WHAT TO PRODUCE >> Copy out the data from the line containing "Japanese snowball, Viburnum" to its last line, exactly. No pictures.

INFORMATION SUPPLIED >>
-=-=-

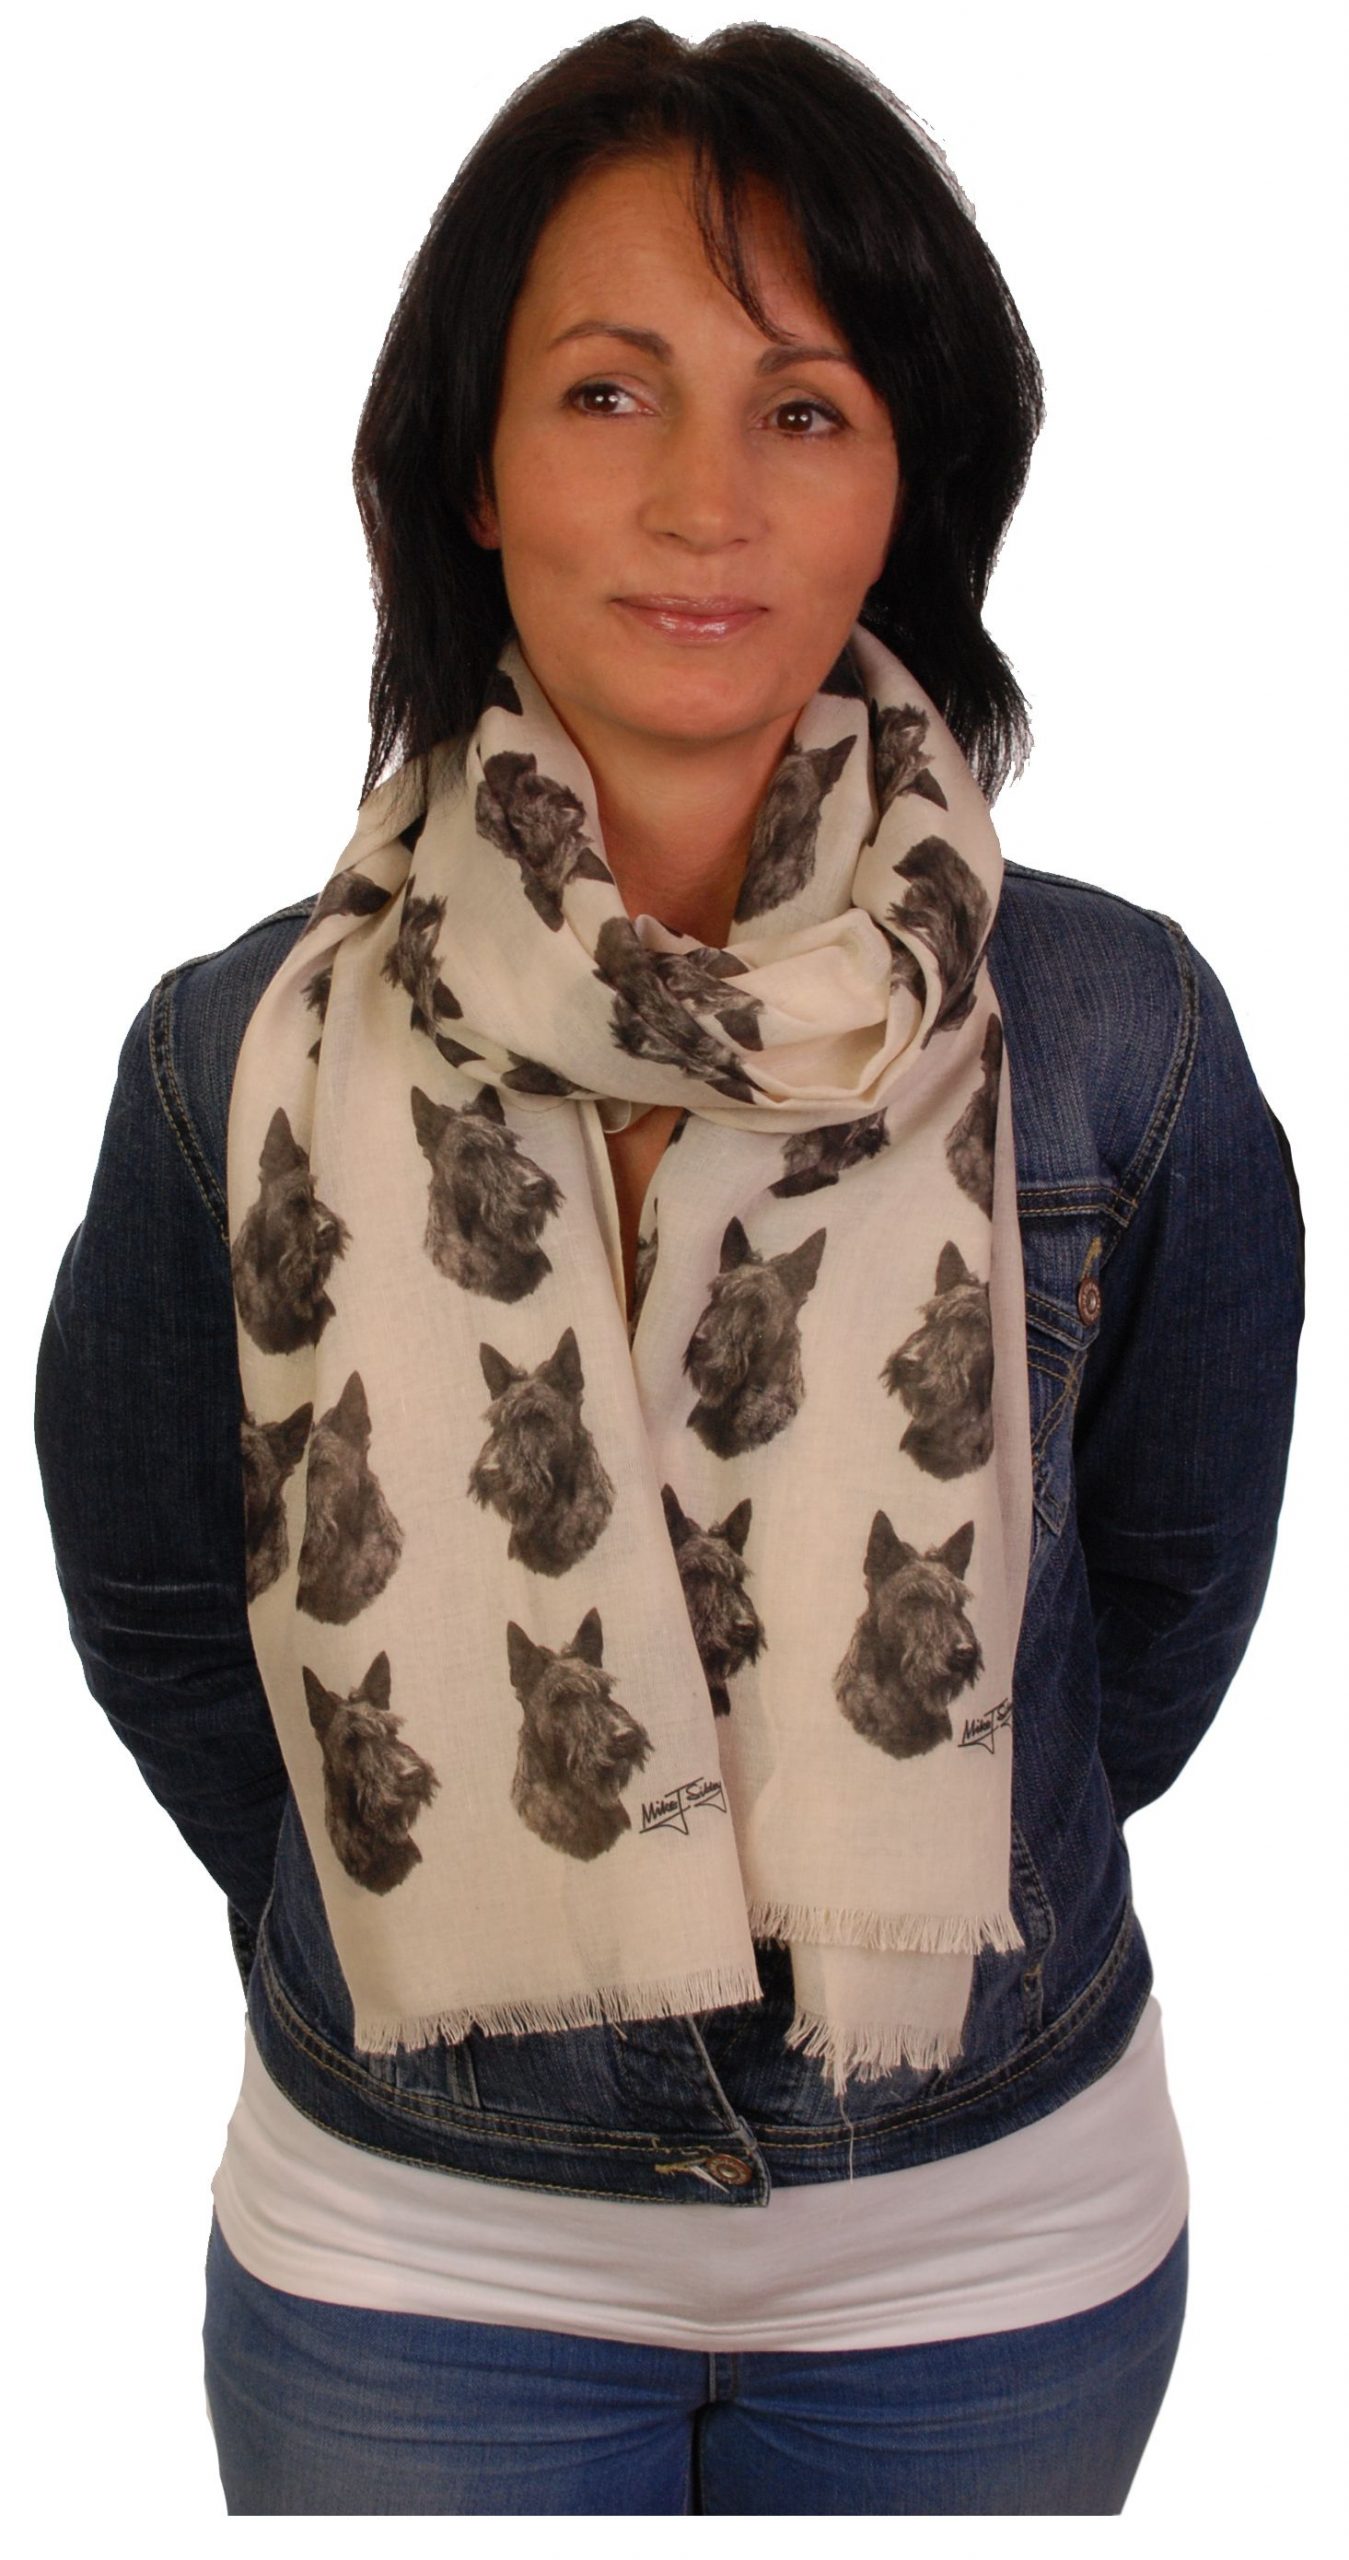 Mike Sibley Scottish Terrier licensed design ladies fashion scarf
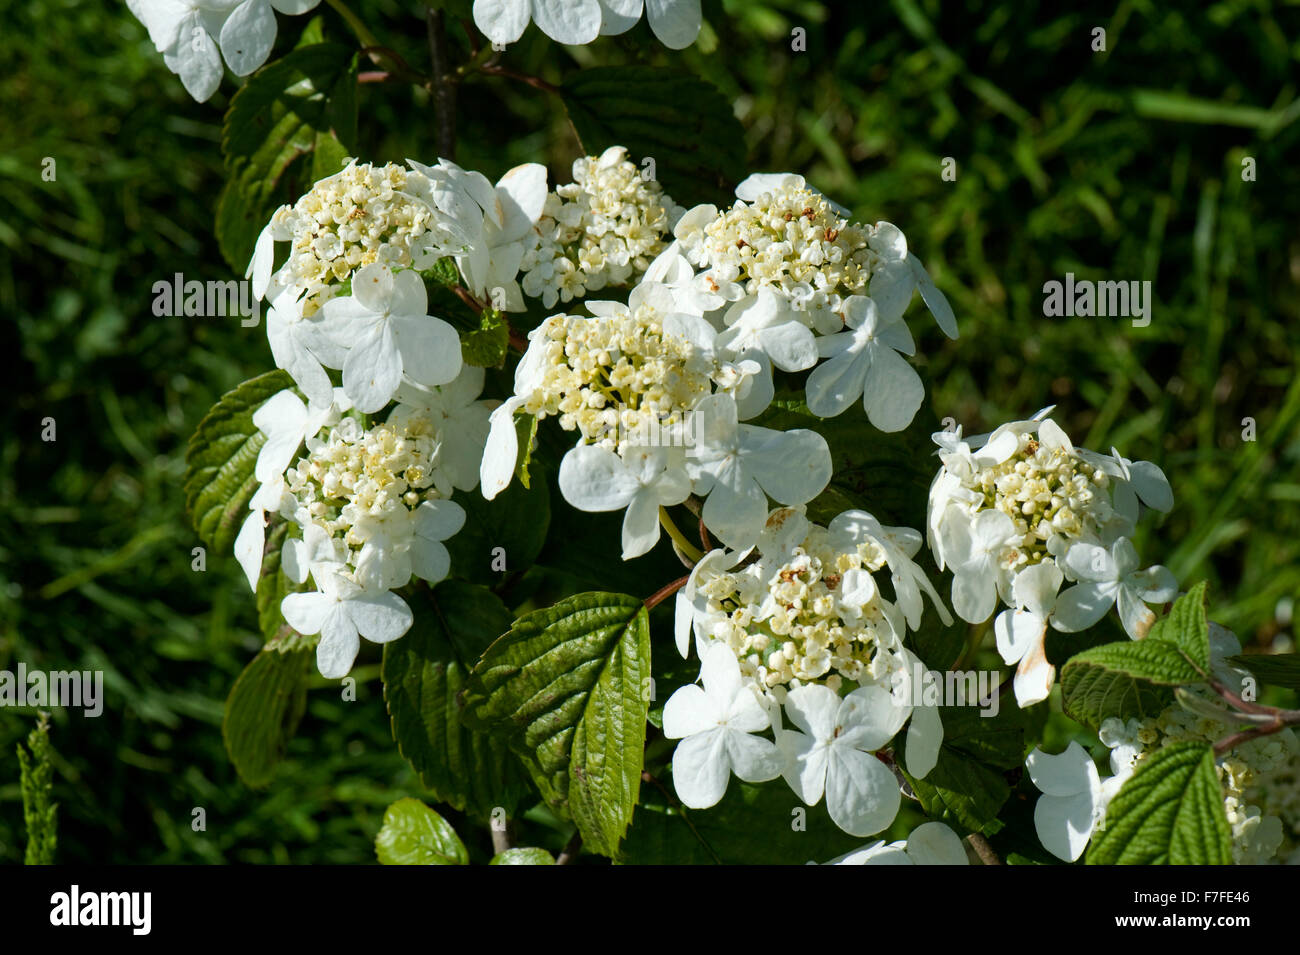 Japanese snowball, Viburnum plicatum f plicatum 'Mariesii', flowers on ornamental garden shrub, May Stock Photo
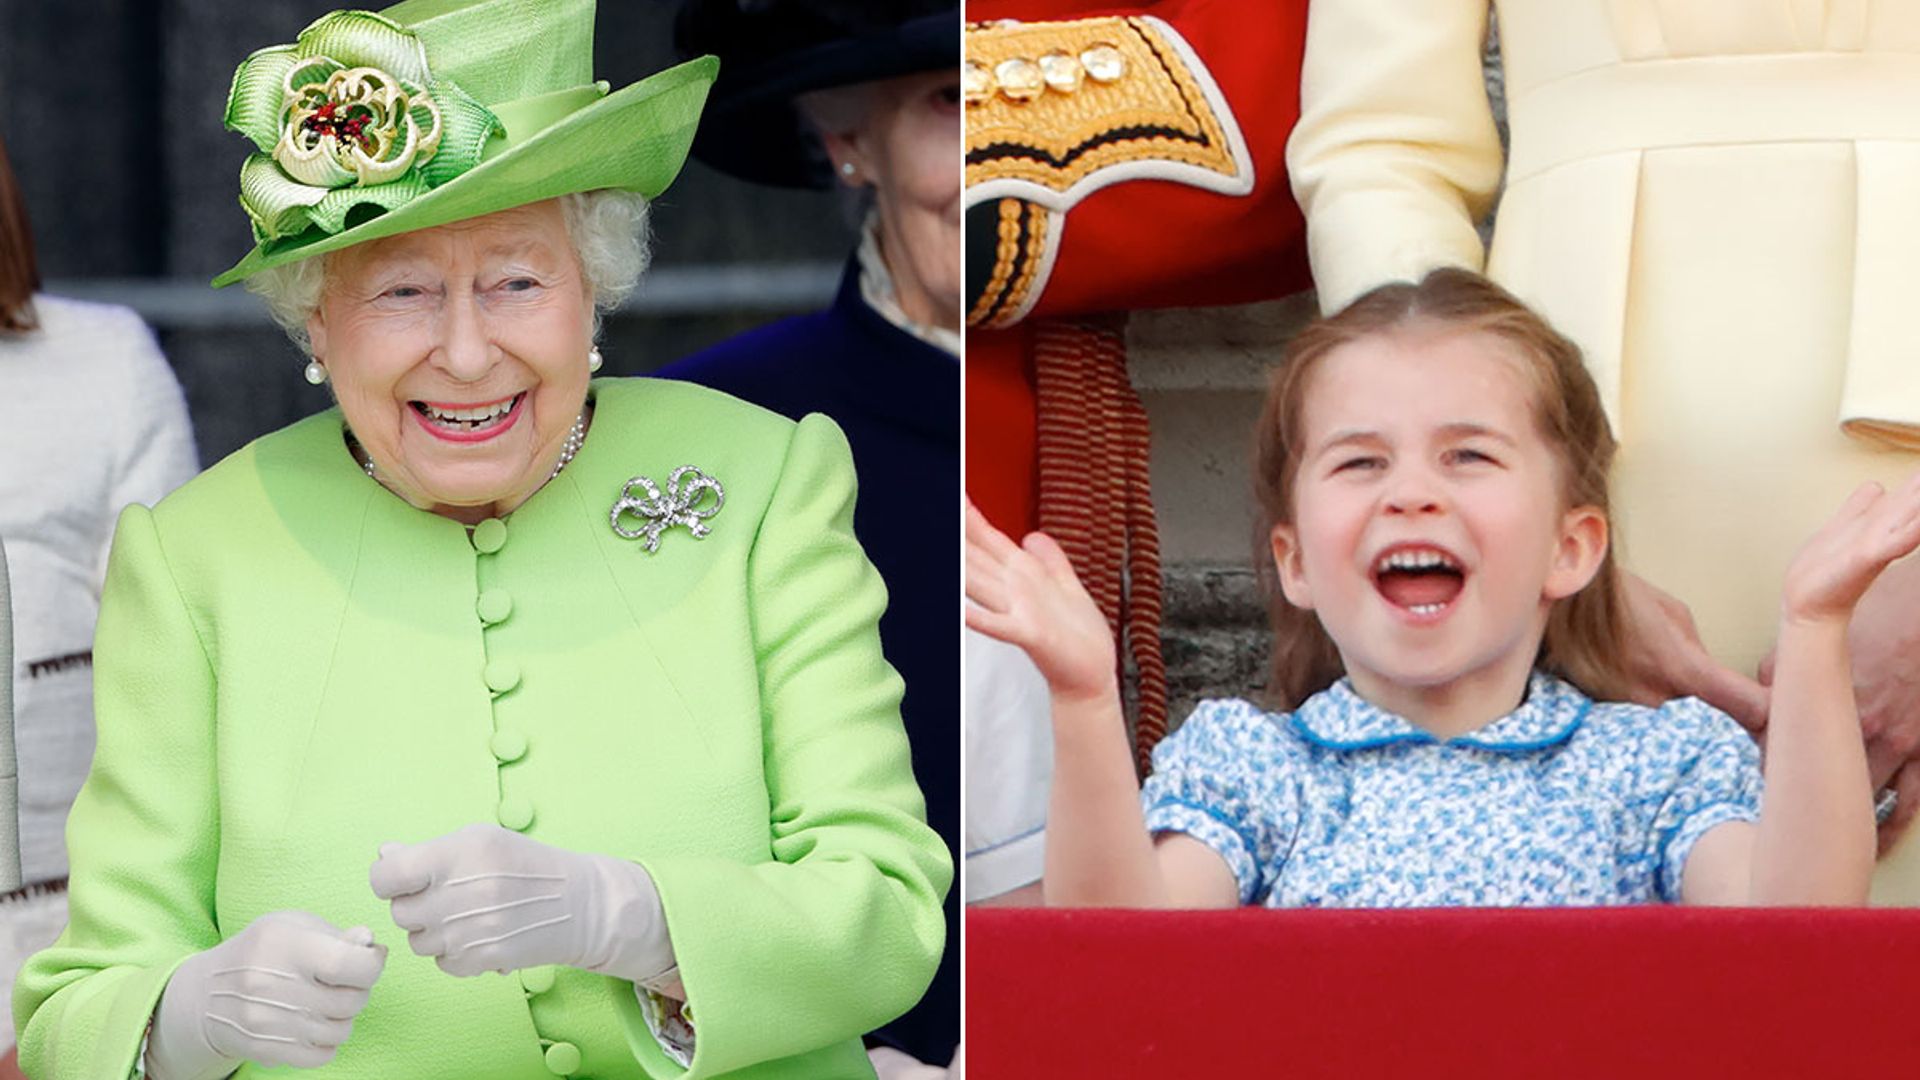 The Queen's fussy eating habit her great-grandchildren would approve of

-=-=-

WRITTEN SOLUTION >>
 Japanese snowball, Viburnum plicatum f plicatum 'Mariesii', flowers on ornamental garden shrub, May Stock Photo
 The Queen's fussy eating habit her great-grandchildren would approve of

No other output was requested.